## INFORMATION PROVIDED
━━━━━━

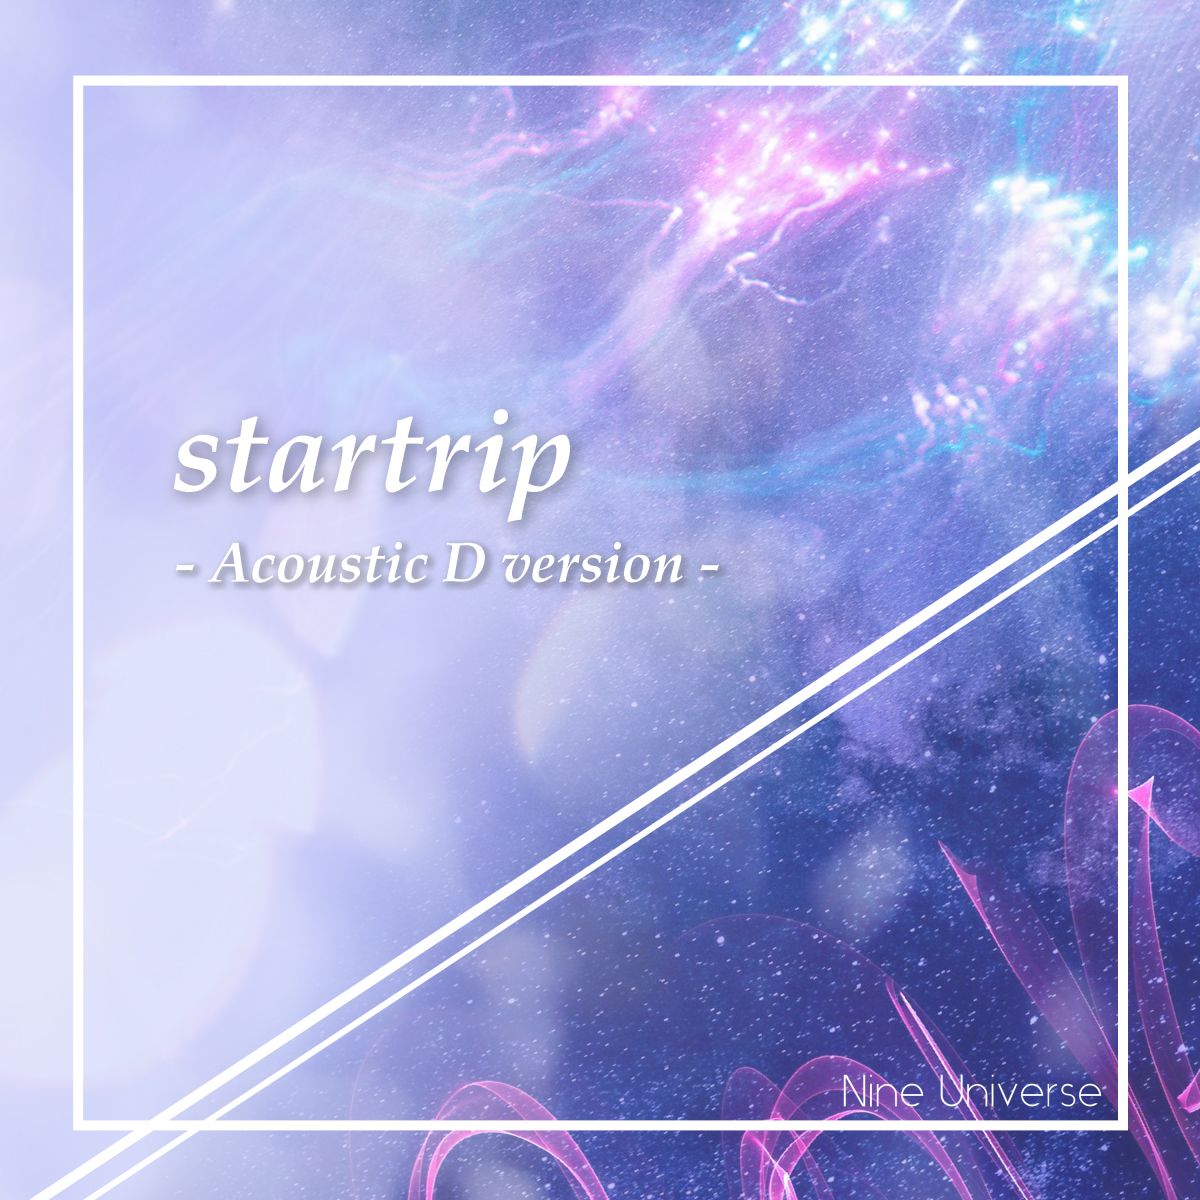 startrip - Acoustic D version -
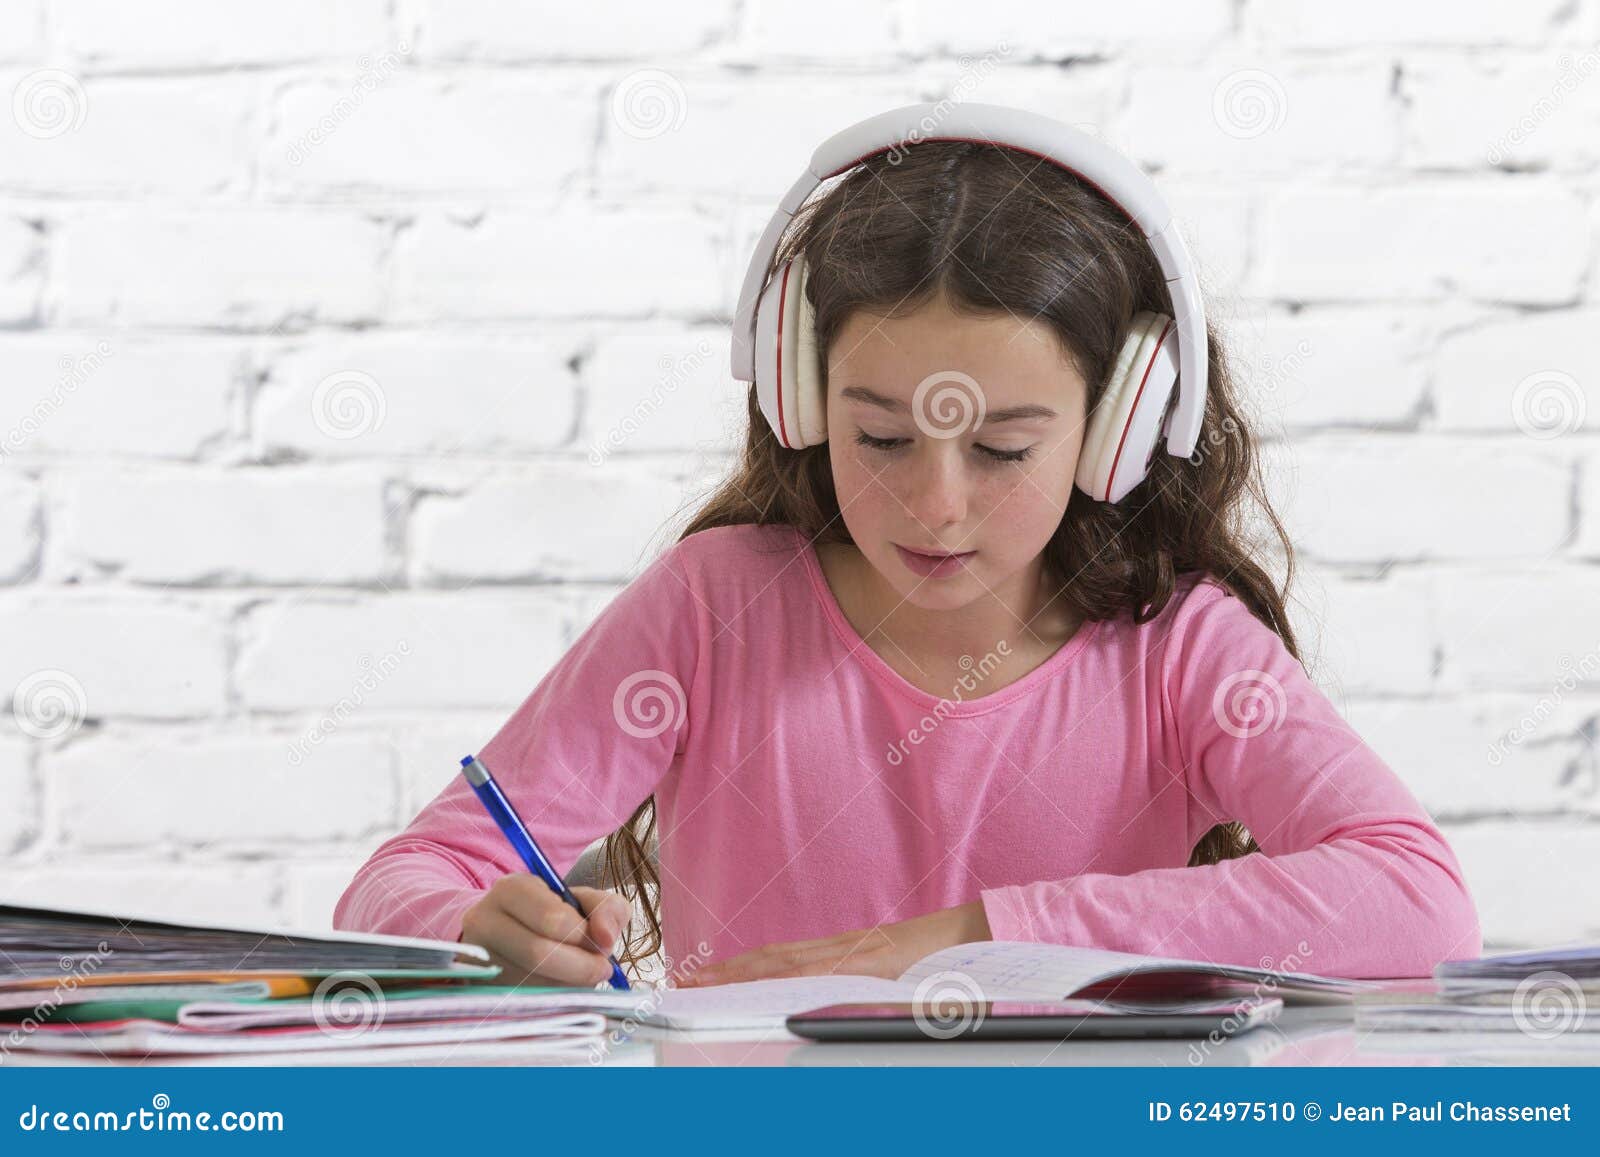 music during homework
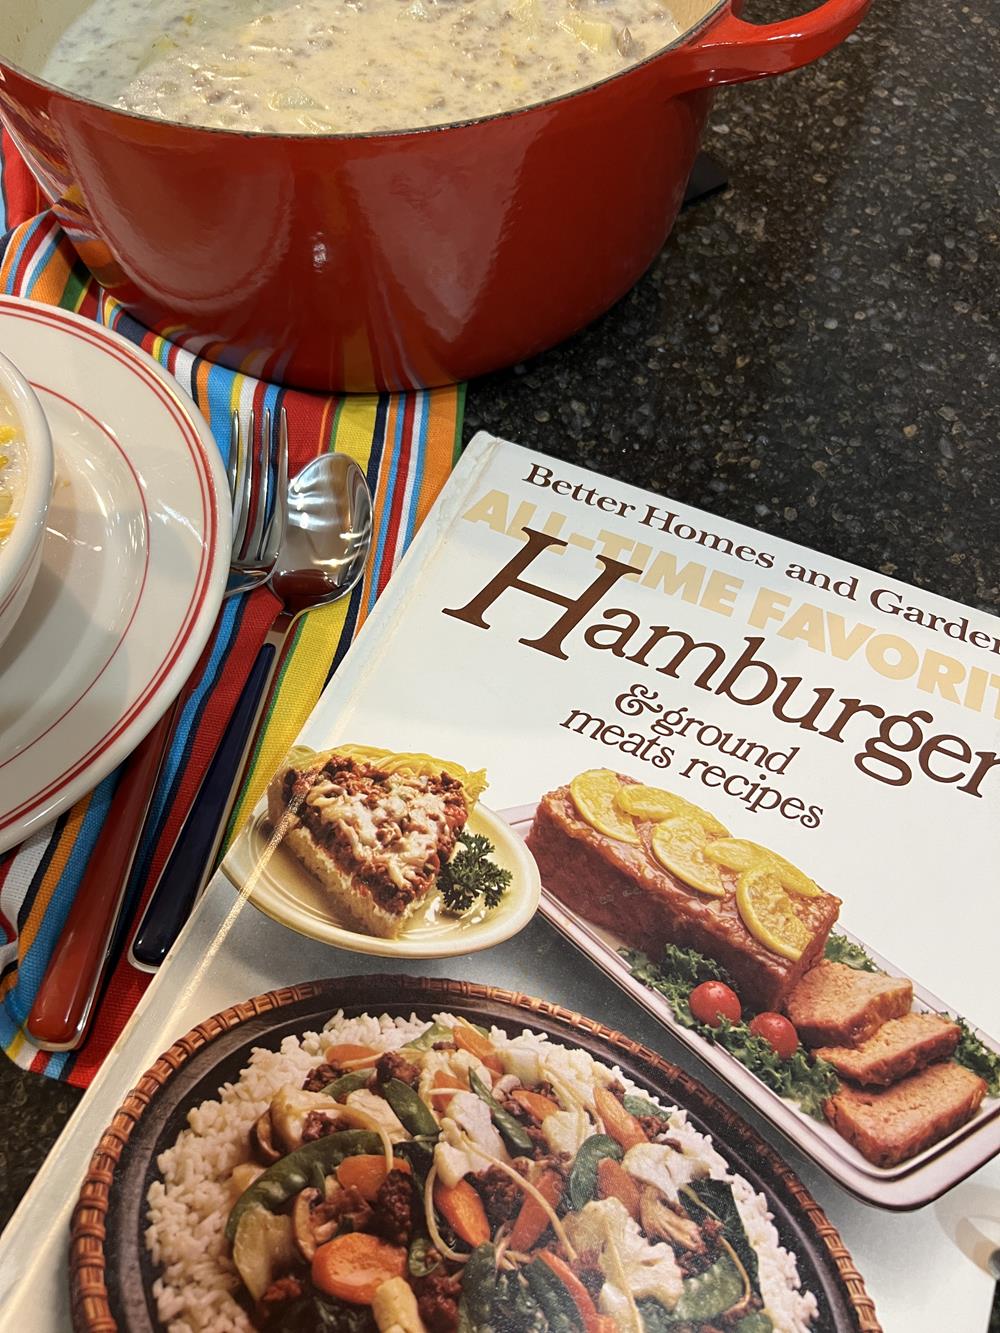 vintage hamburger cookbook next to a pot of soup
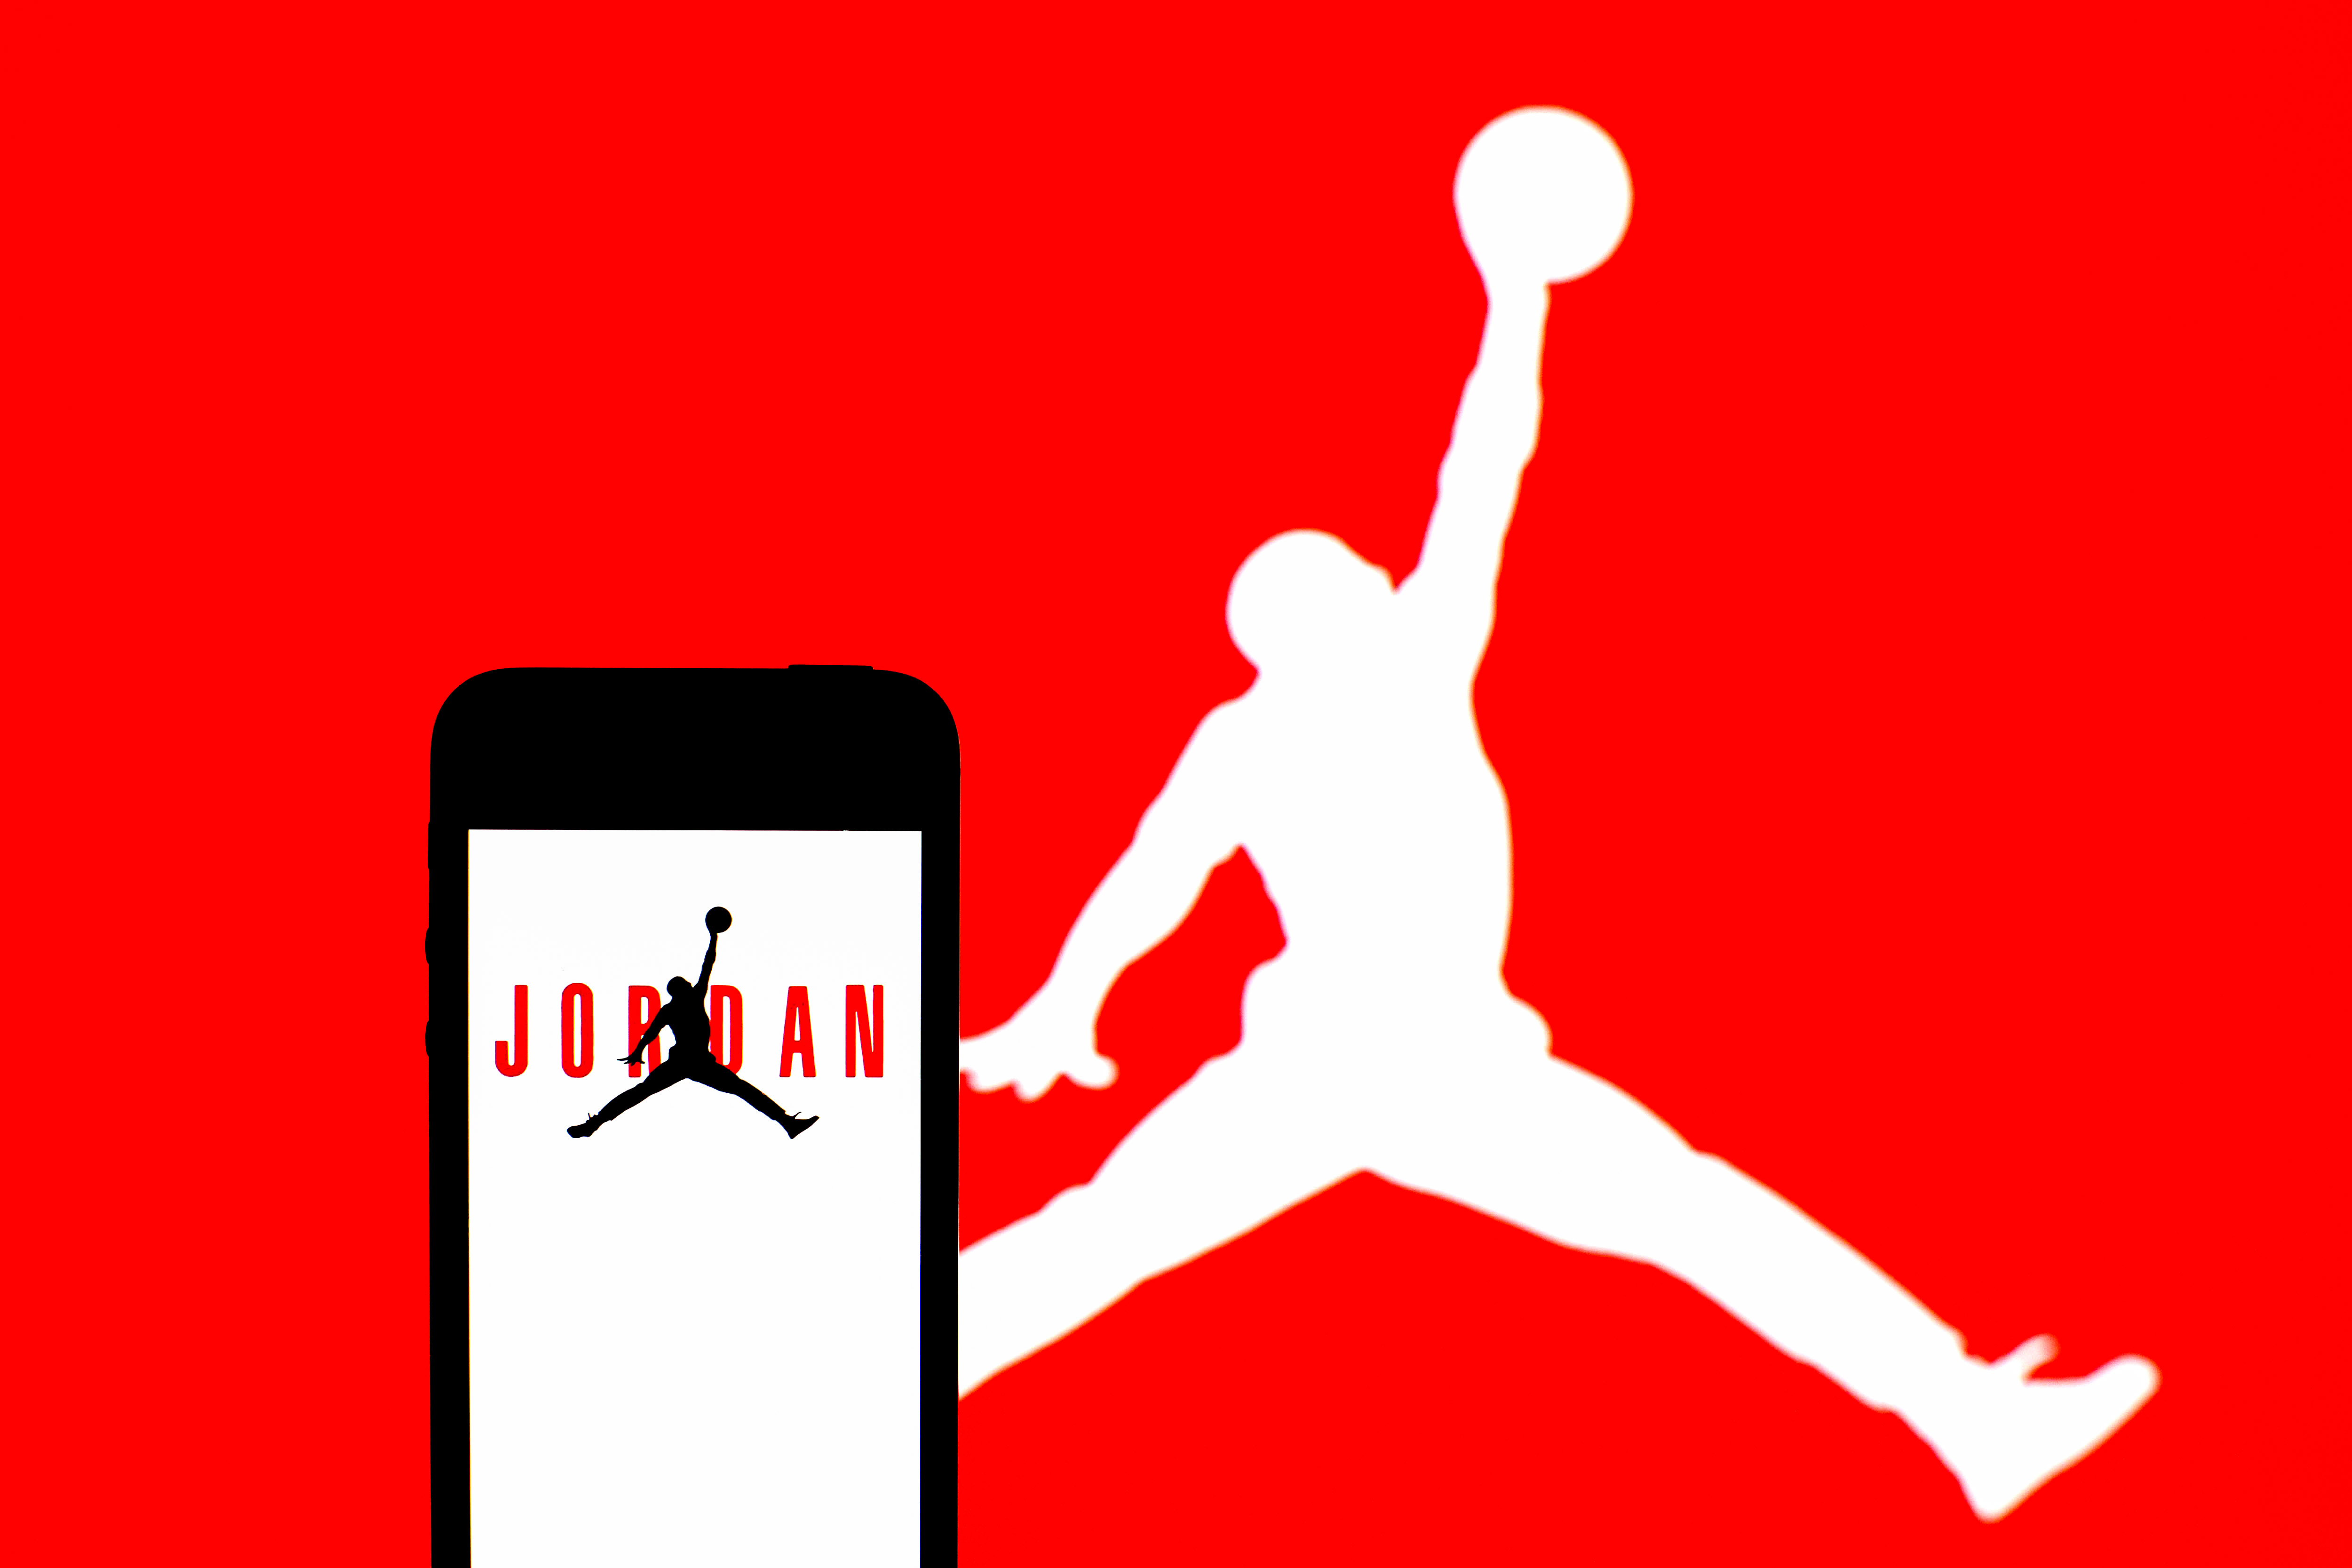 Air Jordan 1 “Satin Bred” Drops This Year: Details

━━━━━━

## EXERCISE DETAILS
Write every line of the data out again exactly, leaving out all images.

## OUTPUT FOR THIS TASK
 startrip - Acoustic D version -
 music during homework
 vintage hamburger cookbook next to a pot of soup
 Air Jordan 1 “Satin Bred” Drops This Year: Details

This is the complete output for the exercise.